I'm not just afraid of the virus, I'm afraid of so many people. Not only are they spreading the virus willingly (or ignorantly), they are angry at people who are afraid of the virus (instead of being angry at the virus), and many are unpredictably violent.

I rambled and my therapist listened. At the end of the session, she still had good recommendations to help me navigate my anxiety, but for the first time she couldn't negate the legitimacy of my fears. 
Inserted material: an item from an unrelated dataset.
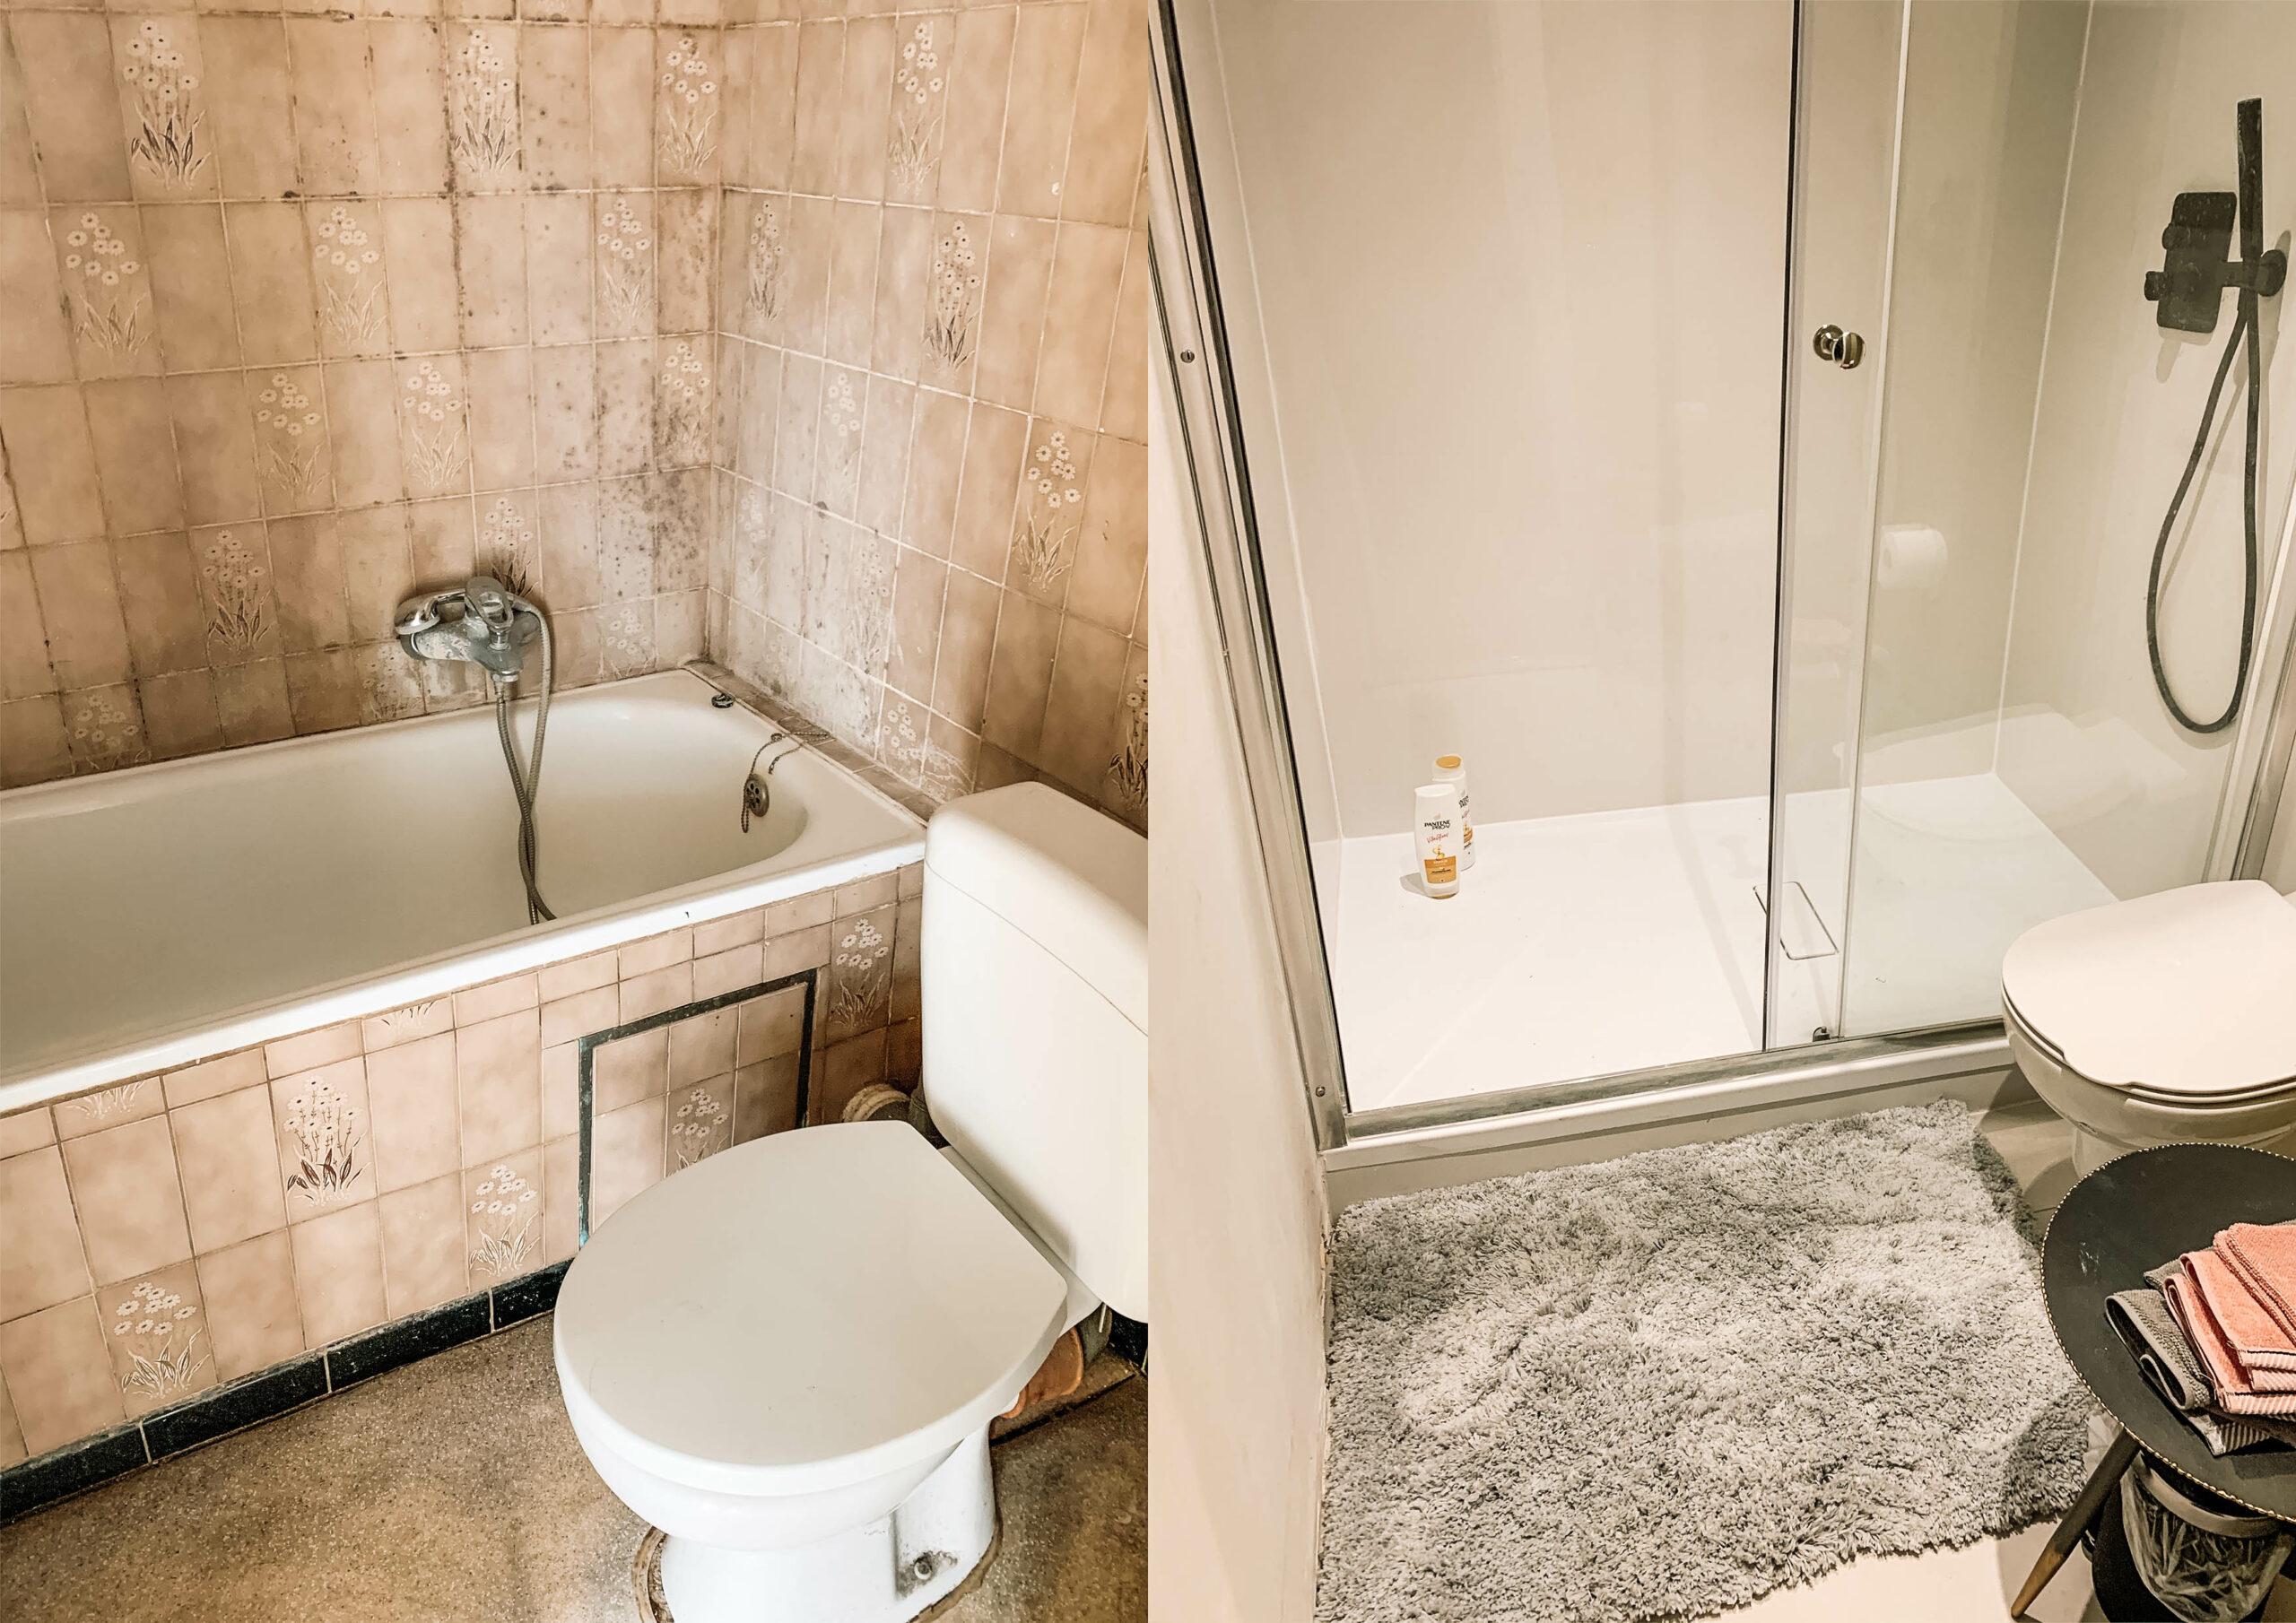 badkamer-renovatie-sanitair-wc-douche

Now other people can see them too.

(Artist is Radici Studios)








Tuesday, March 24, 2020

Vernal equinox

Everyone's reading the rules of engagement
And everyone's starting to doubt them
Everyone's reaching to put on a seatbelt
But this kind of ride comes without them
I want you to think of me sitting and singing beside you
I wish we could meet all the people behind us in line
The climb to the crest is less frightening with someone to clutch you
But isn't it nice when we're all afraid at the same time 
(Amanda Palmer- The Ride)

3.22.20

3.23.20
It's all changing so fast out there, isn't it? The epidemic went to pandemic and then lockdown in a few weeks.
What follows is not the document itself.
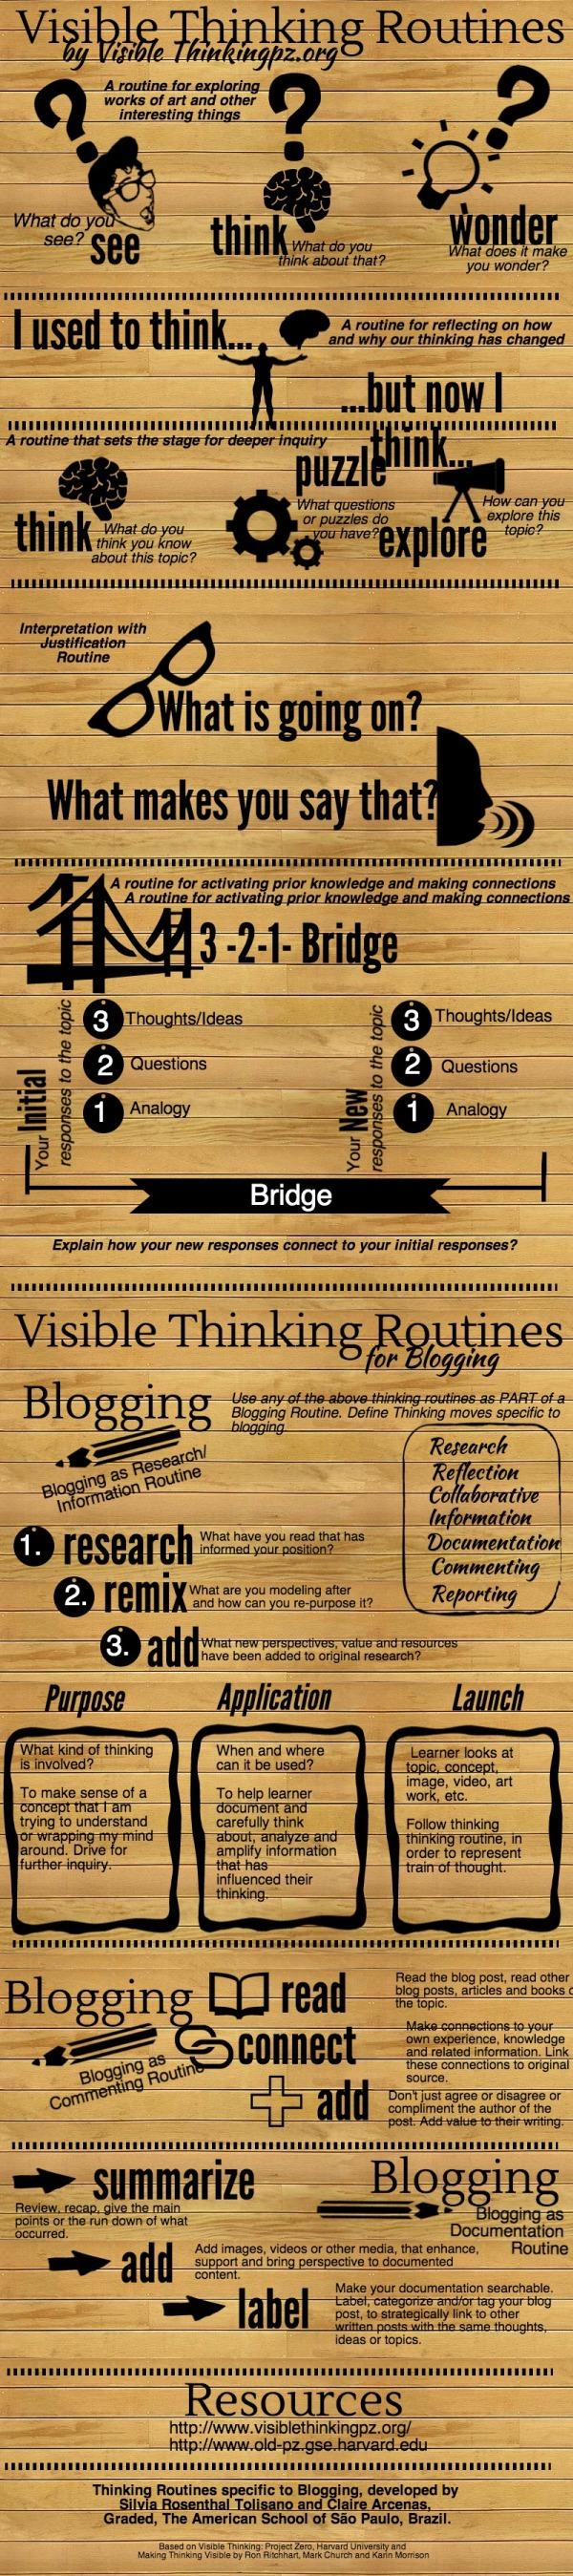 visible-thinking
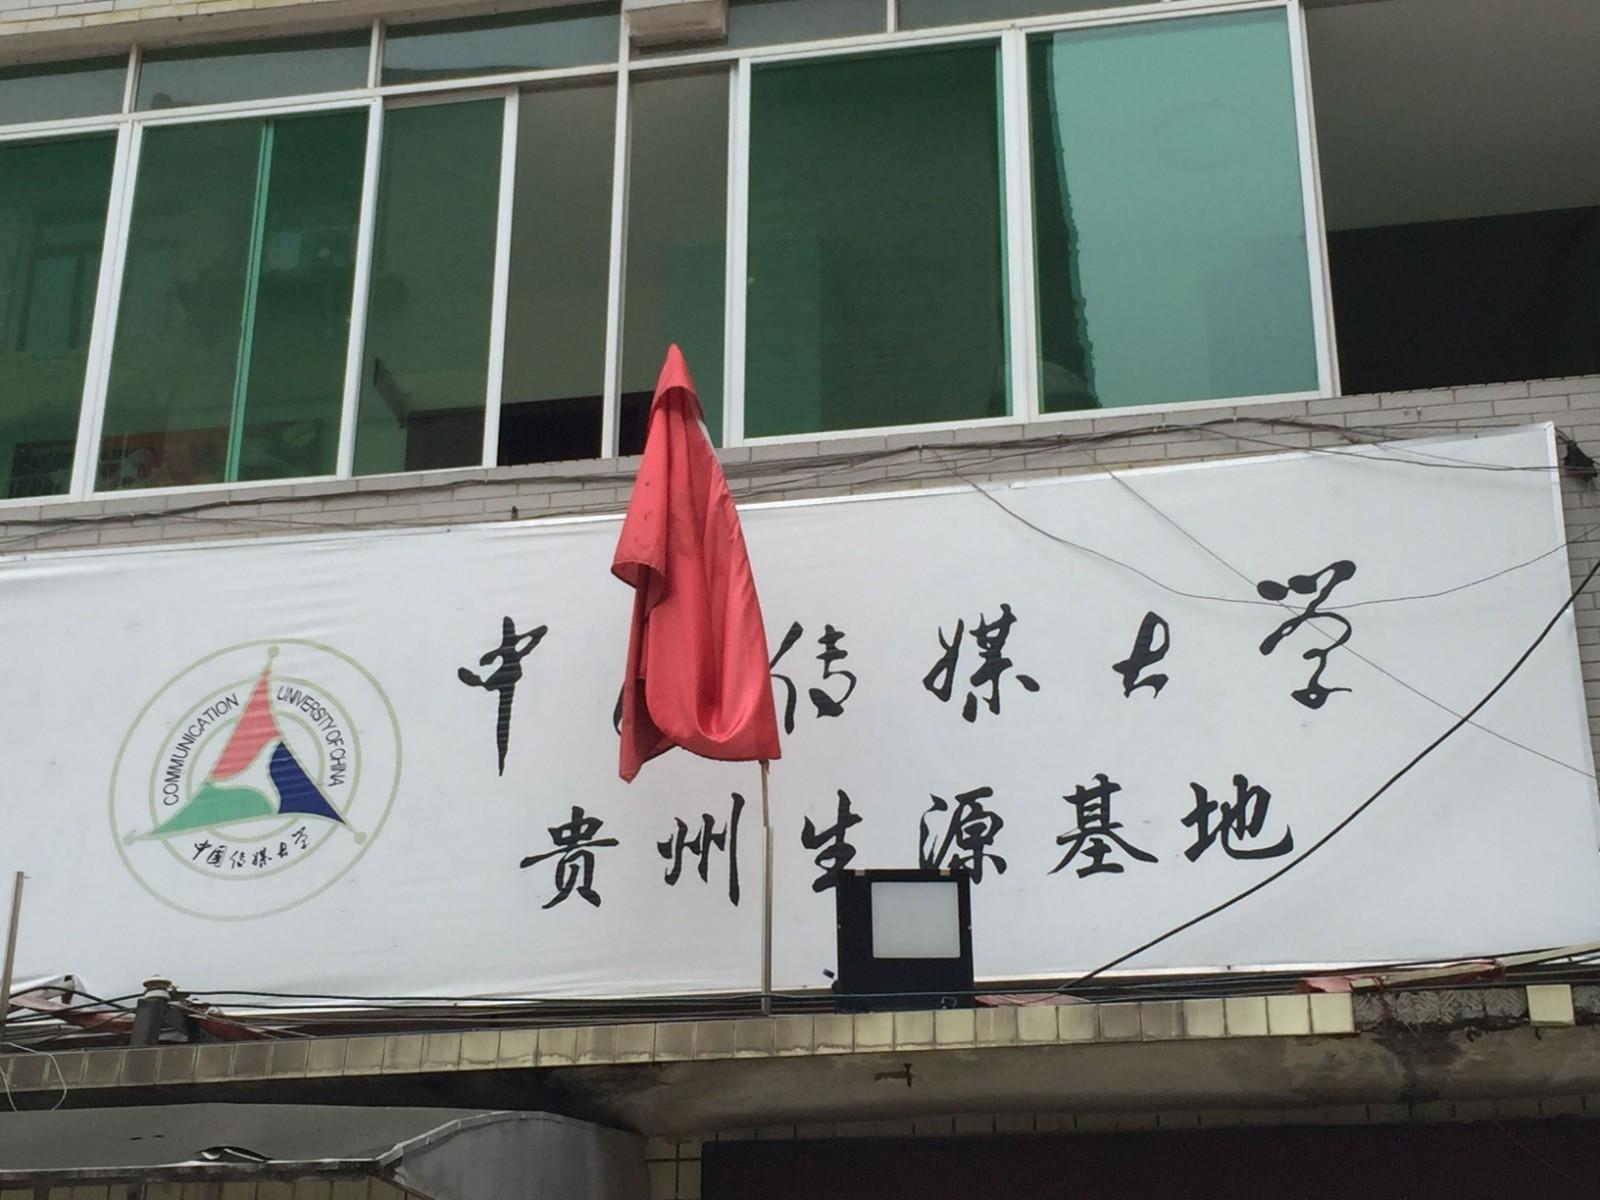 中国传媒大学贵州生源基地

My heart started skipping successive beats again. I am grateful that I got my xanax refilled right before things started getting crazy out there. It takes about an hour to kick in; maybe a few minutes less if I chew it or put it under my tongue before swallowing. Its important to recognize how critical time feels when you're waiting for something important.

There is a poignancy in the juxtaposition of the pandemic's 'arrival' in North Texas. As i'm watching the case counts go up I am also given time to watch flowers bloom and leaves return to the trees with my children. We just passed the vernal equinox, headed toward days filled with more light.

We are resetting.

As we suffer and fear globally, stories of kindness, ecological restoration and even people reaching out across partisan lines to check on neighbors. People are offering to shop for others who cant or shouldn't be out. Like we are waking up to remembering the  humanity that joins us, at least on this level. I love that. We are team human, not us vs. them. In isolated moments, I see people recognizing that more in the last few weeks than I have over the last few years.

Its been quieter. Less cars, less air traffic. I swear the air feels cleaner outside.

We are waiting for answers. We are waiting for supplies.

Mindfulness can come from fear of the unknown. I have found myself feeling things deeper, tasting food more fully, and appreciating rare moments of peace more than before. I don't know what's coming. I can't fathom the many different paths the world will react with after this is over.  But I know how much I love my family. I know how grateful I am that, for this moment, everyone remains well. When we emerge from this, I pray that we remember what it felt like to be afraid together.

How it felt to need to trust that everyone was going to do their part. To know that the future was no longer in your hands. To depend on your fellow humans for mercy and kindness.

In this season, we have a chance to do better. We need to take it. For the betterment of our quality of life, our families, our planet. 

I pray we are changed. I pray we are moving towards the light.